It's quiet here, save for the soft sfffft sound of the ventilator. It's Sunday night, after dinner, and I'm sitting in my dad's ICU room in the dark. The weather channel is playing in the background because Dad loves weather as much as a meteorologist does. We're hoping he'll listen and hear familiar things as he goes in and out of sleep.
He has begun to waken and his eyes search the area right around his pillow until he locks onto the eyes of his family. He hasn't been responding to the staff, but the last time he had pneumonia, he did the same thing. For his family, he opens his eyes and shakes his head--slightly. All the vital signs are stable and for now, we're content just to watch and wait and offer him reassurance and comfort when he looks for us.
As I sit here, I think of how many life and death experiences our family has known within these hospital walls. Tears of sadness and tears of joy have all been shed in this place.
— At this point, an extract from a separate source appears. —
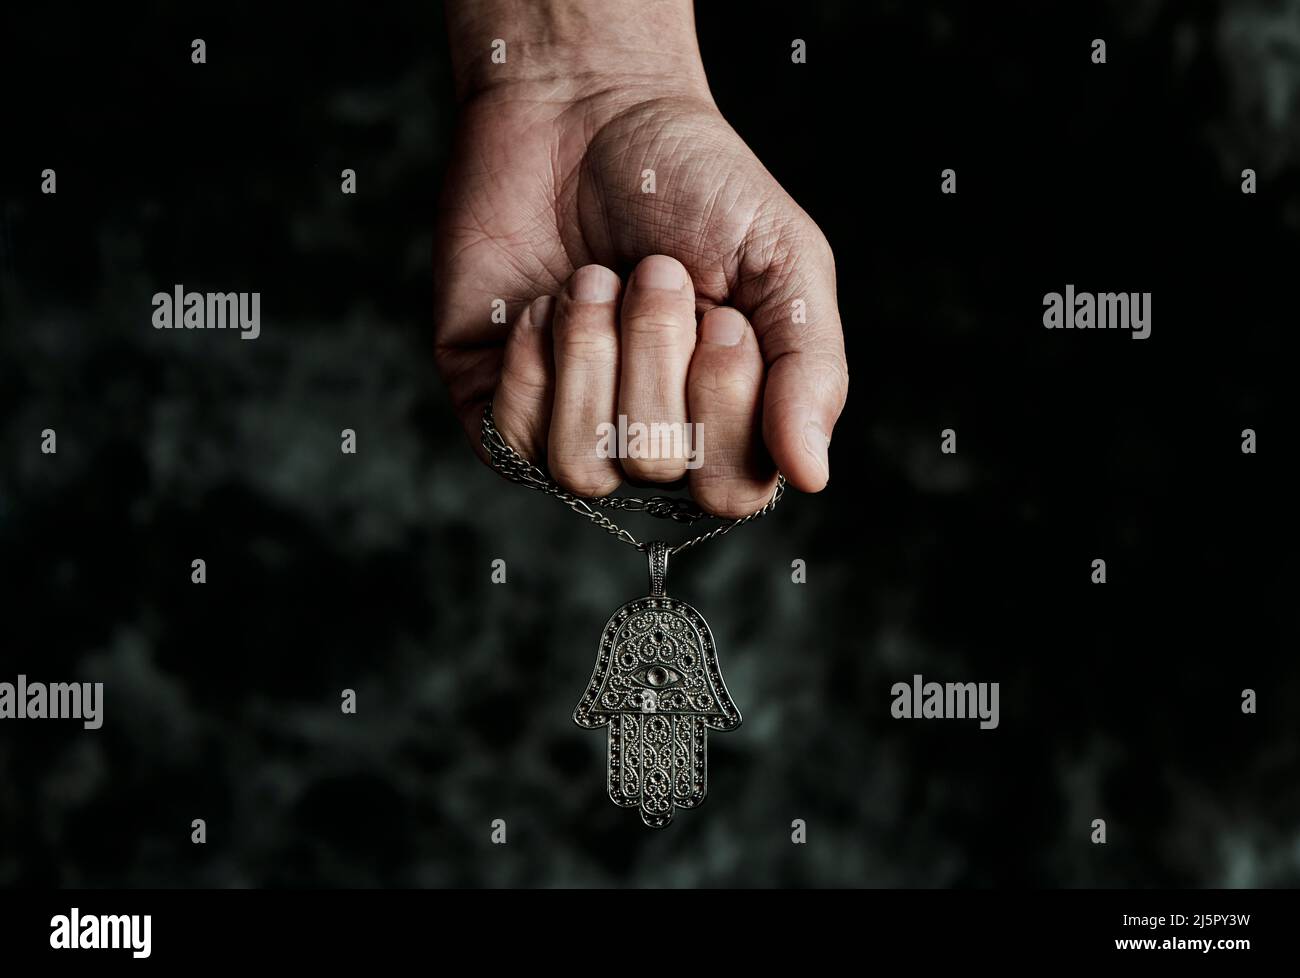 a man is holding an old hamsa amulet, also known of the hand of fatima or the hand of mary, on a black mottled background Stock Photo

Fifty-two years ago yesterday, I made my debut in the world in this building and as I watch over Dad for a time tonight, I think back to what a day it must have been for him and Mom that snowy January Thursday. My sister was just a baby, too...thirteen months old...so Mom was worried about her and anxious to get home. Dad has always loved his kids and enjoyed every minute he spent with them, so I imagine that day years ago was a happy moment for him. I have him to thank for my name as Mom allowed him to to name me. (She gave my sister her name.). He chose to name me after his mom and my mom.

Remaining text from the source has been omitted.